The listing is to be transcribed in full, with its images left out.

___ Material provided

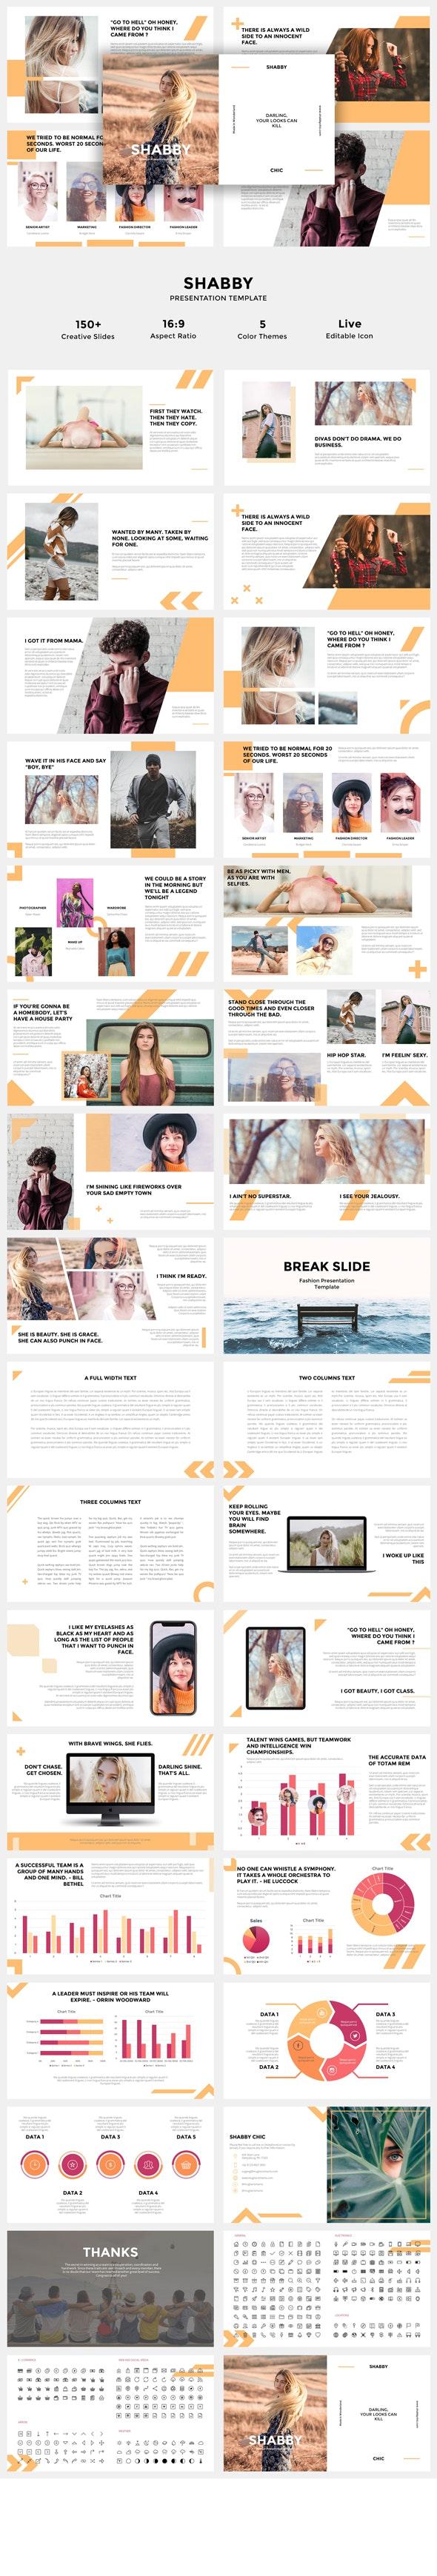 Shabby - Powerpoint Presentation Templates - Creative PowerPoint Templates
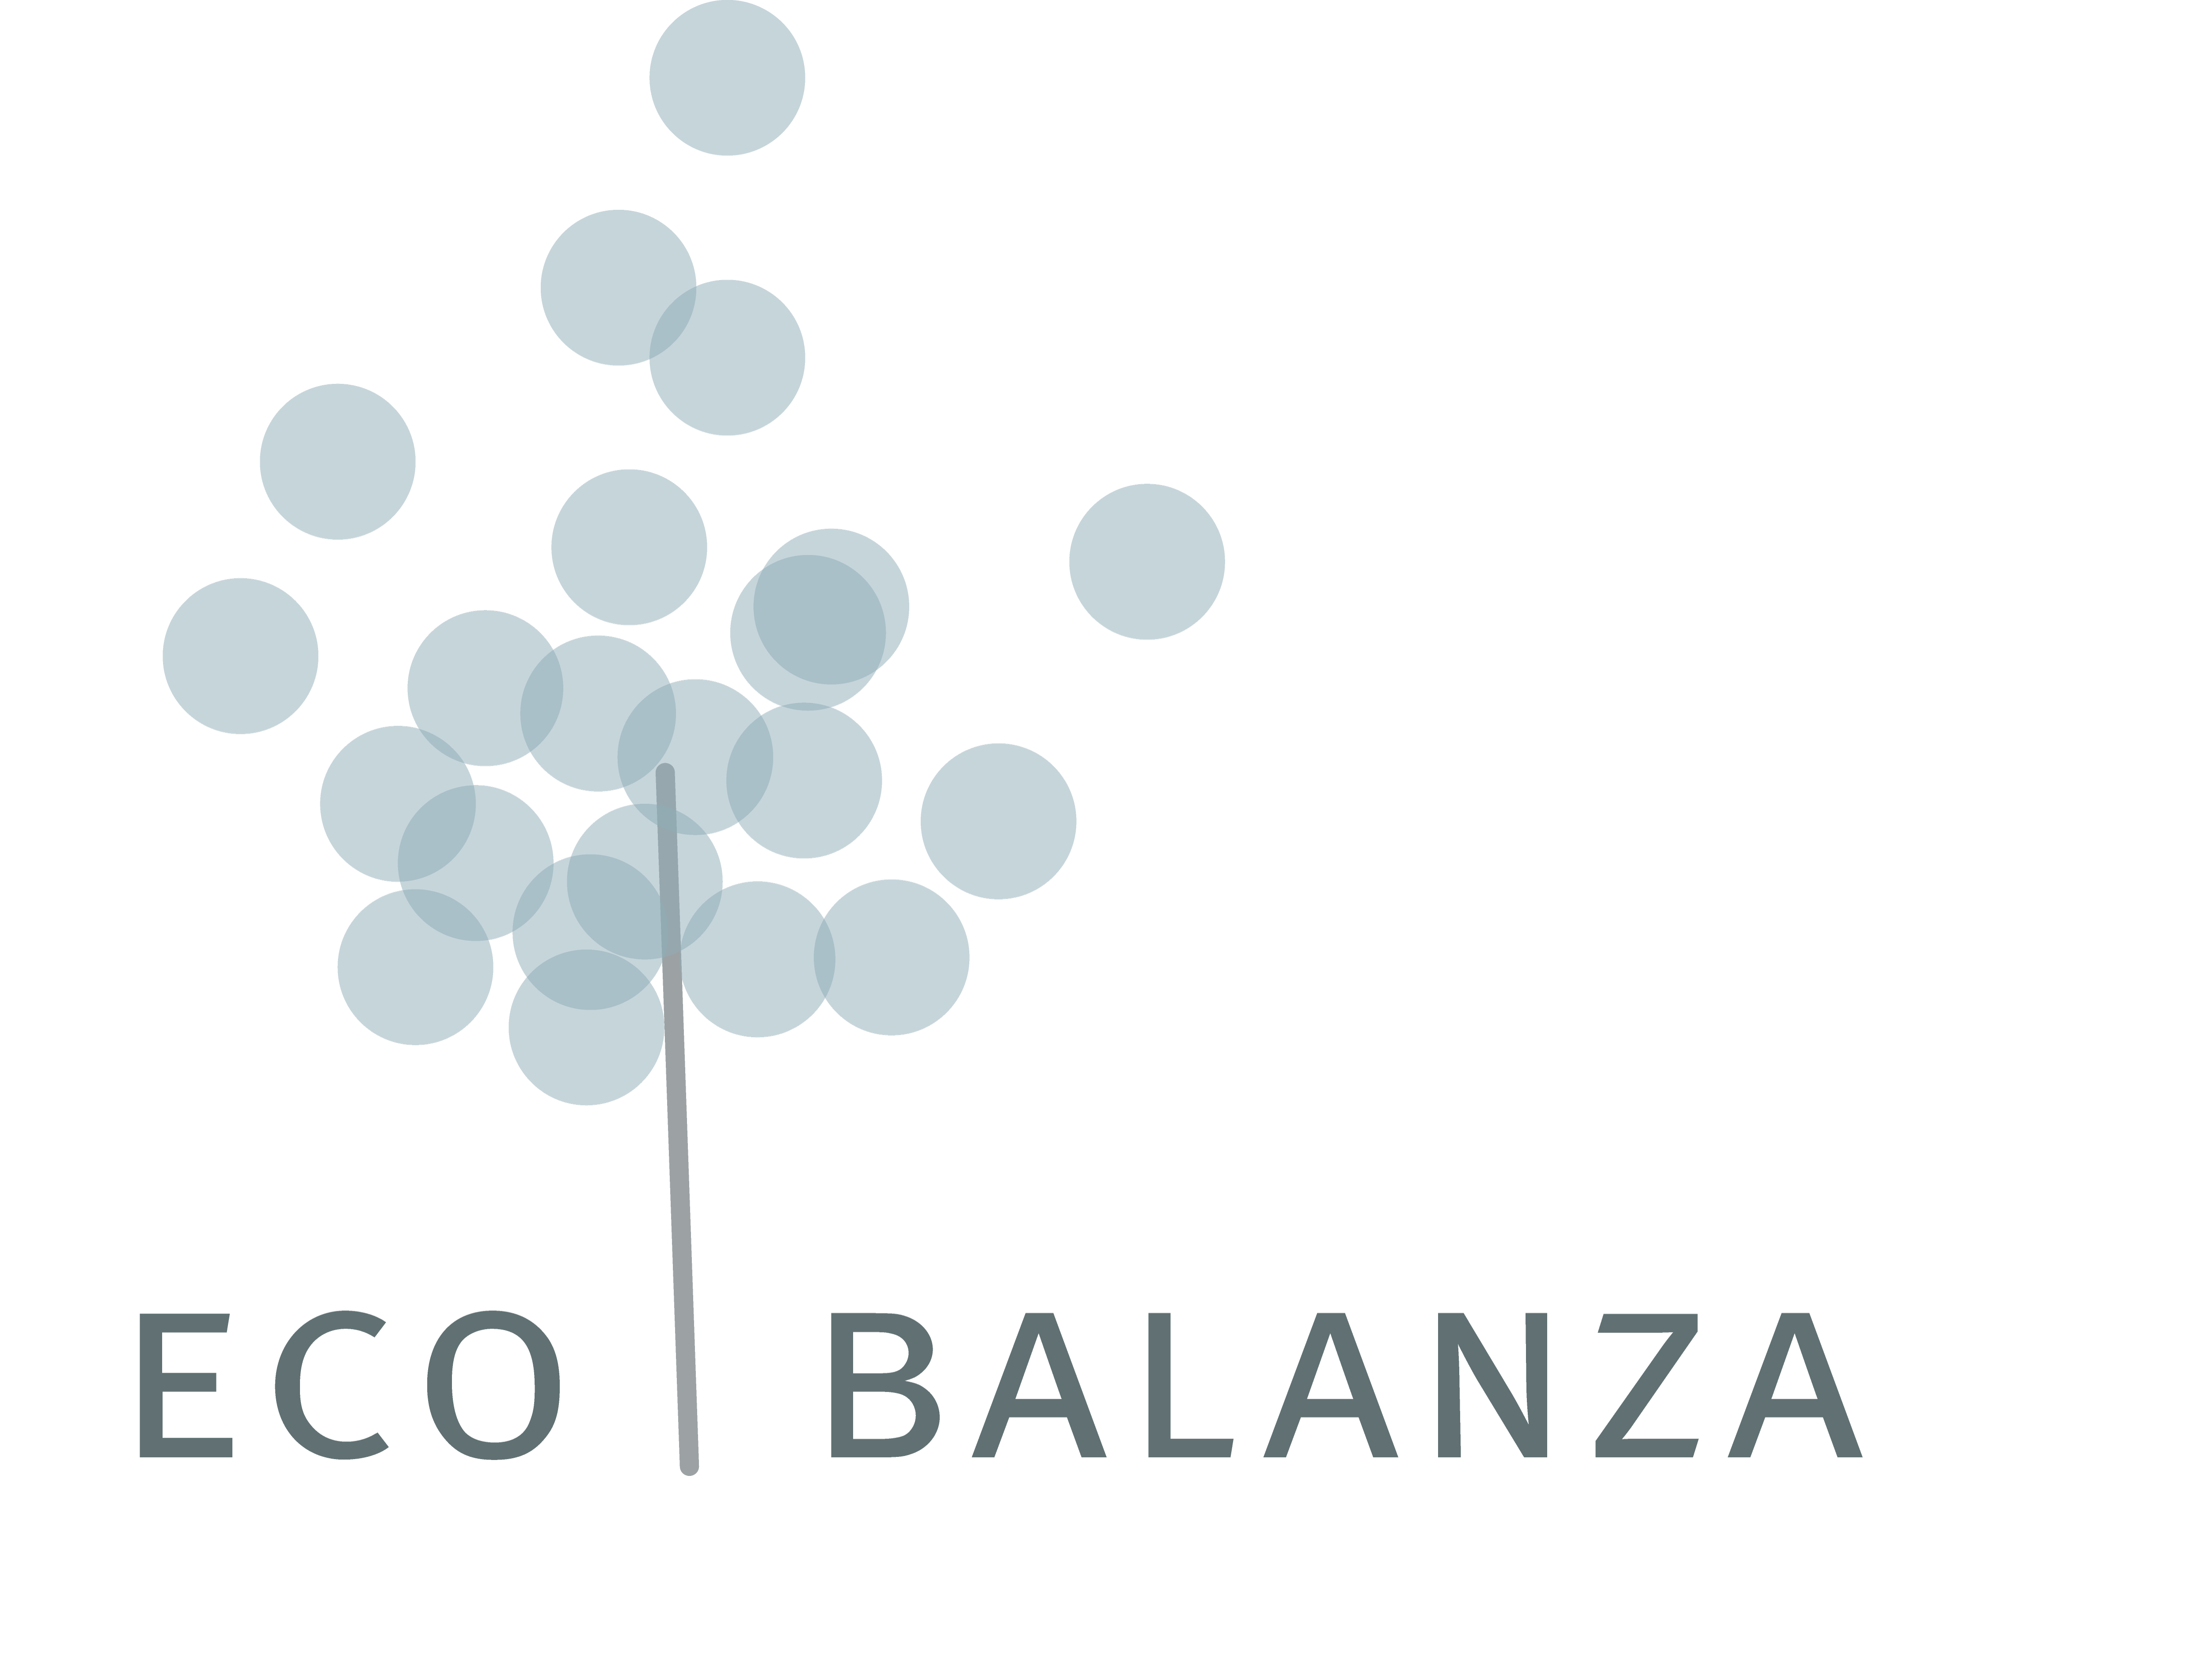 EcoBalanza
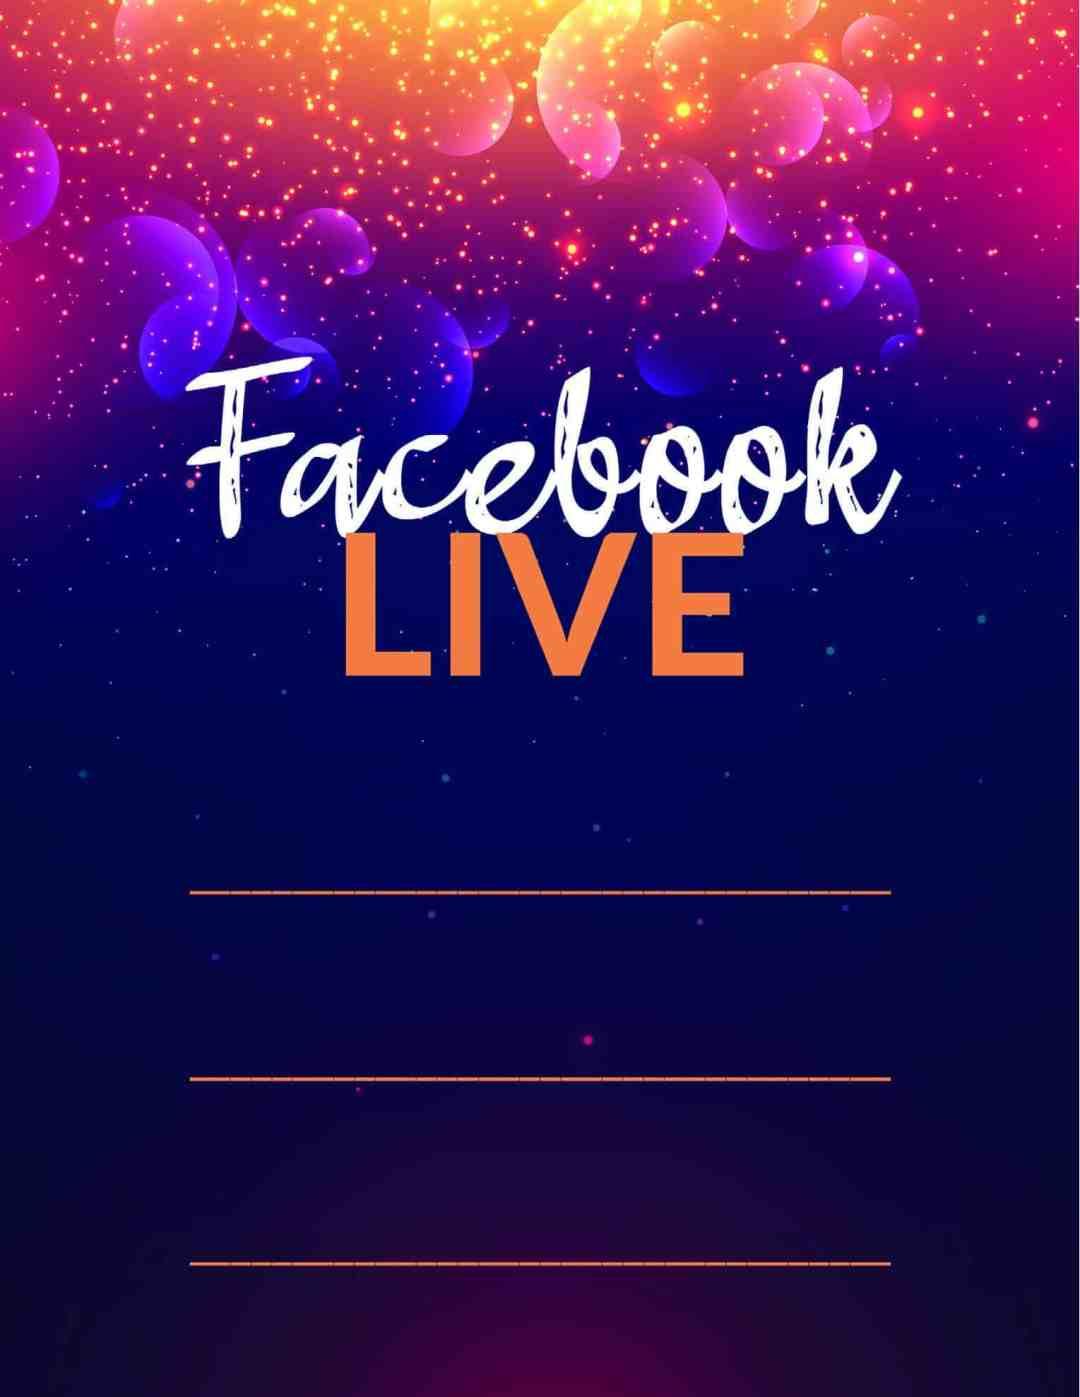 Facebook Live Invitations - Blue Purple - All Free Invitations
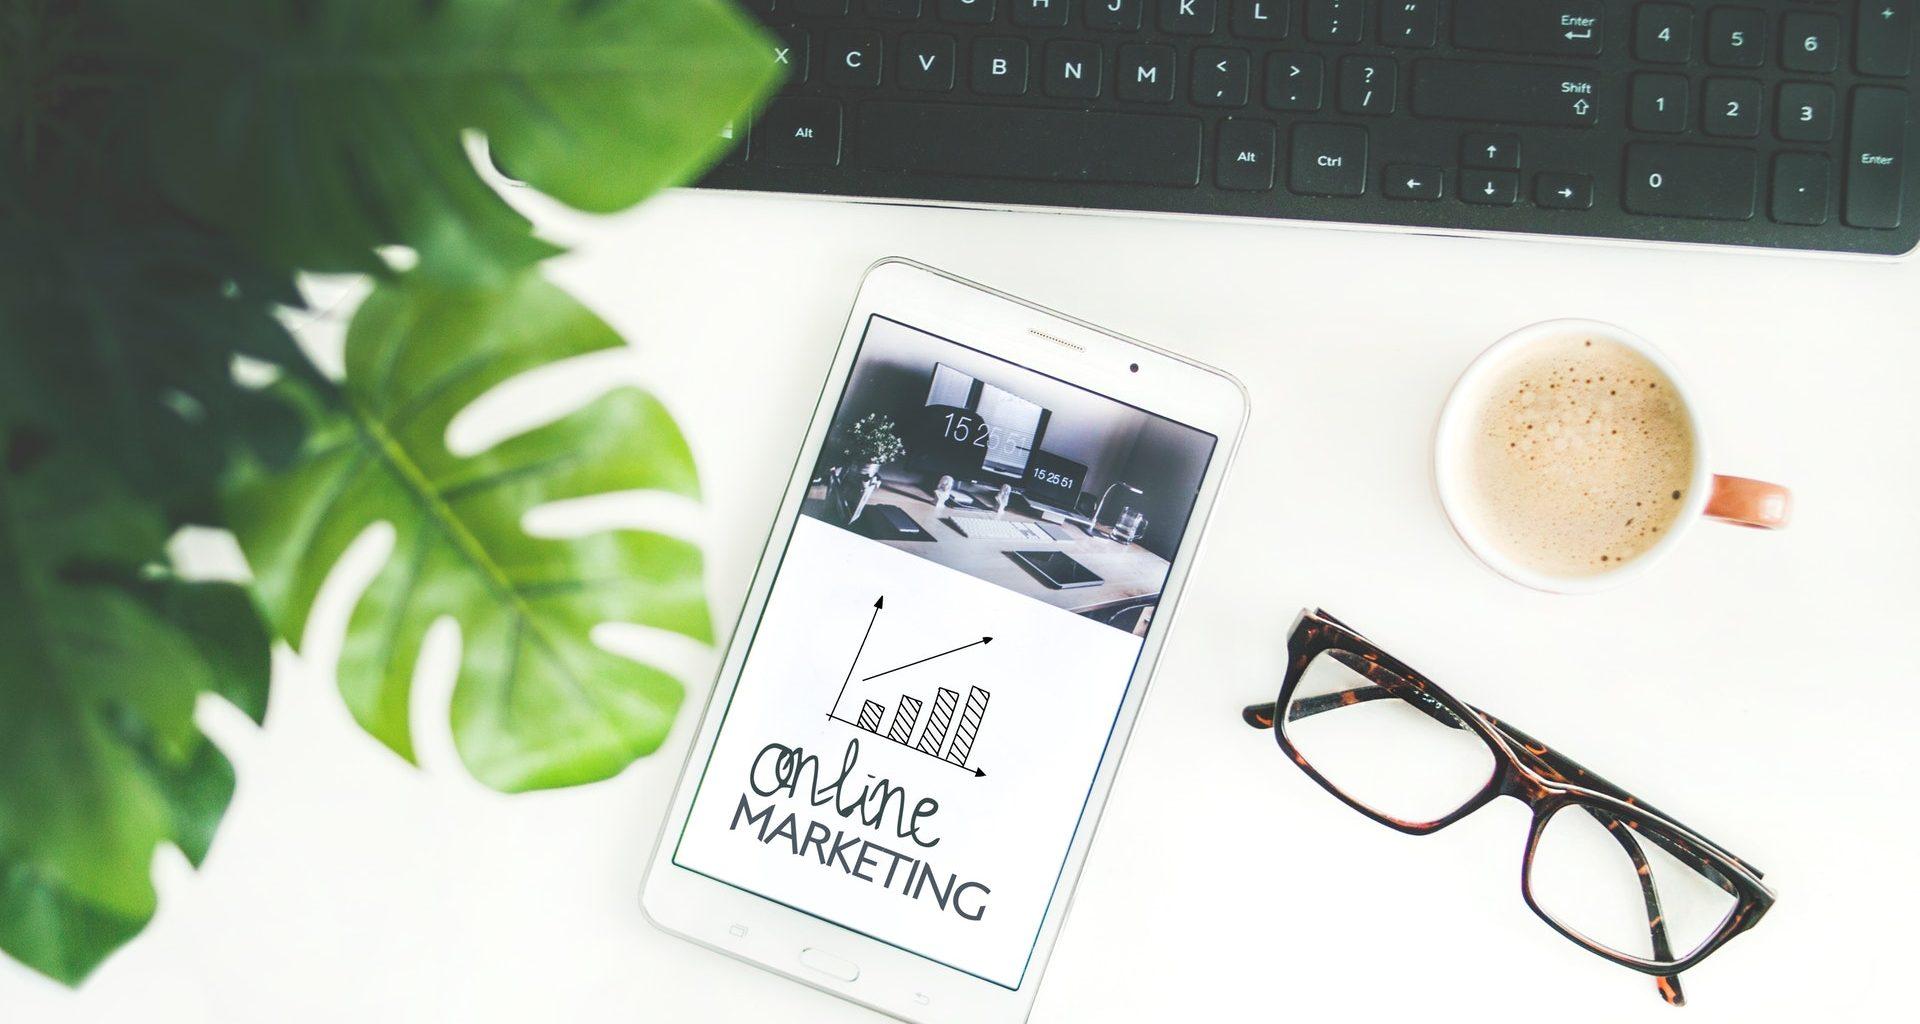 online marketing, computer, phone, glasses

______

[Answer box]:
 Shabby - Powerpoint Presentation Templates - Creative PowerPoint Templates
 EcoBalanza
 Facebook Live Invitations - Blue Purple - All Free Invitations
 online marketing, computer, phone, glasses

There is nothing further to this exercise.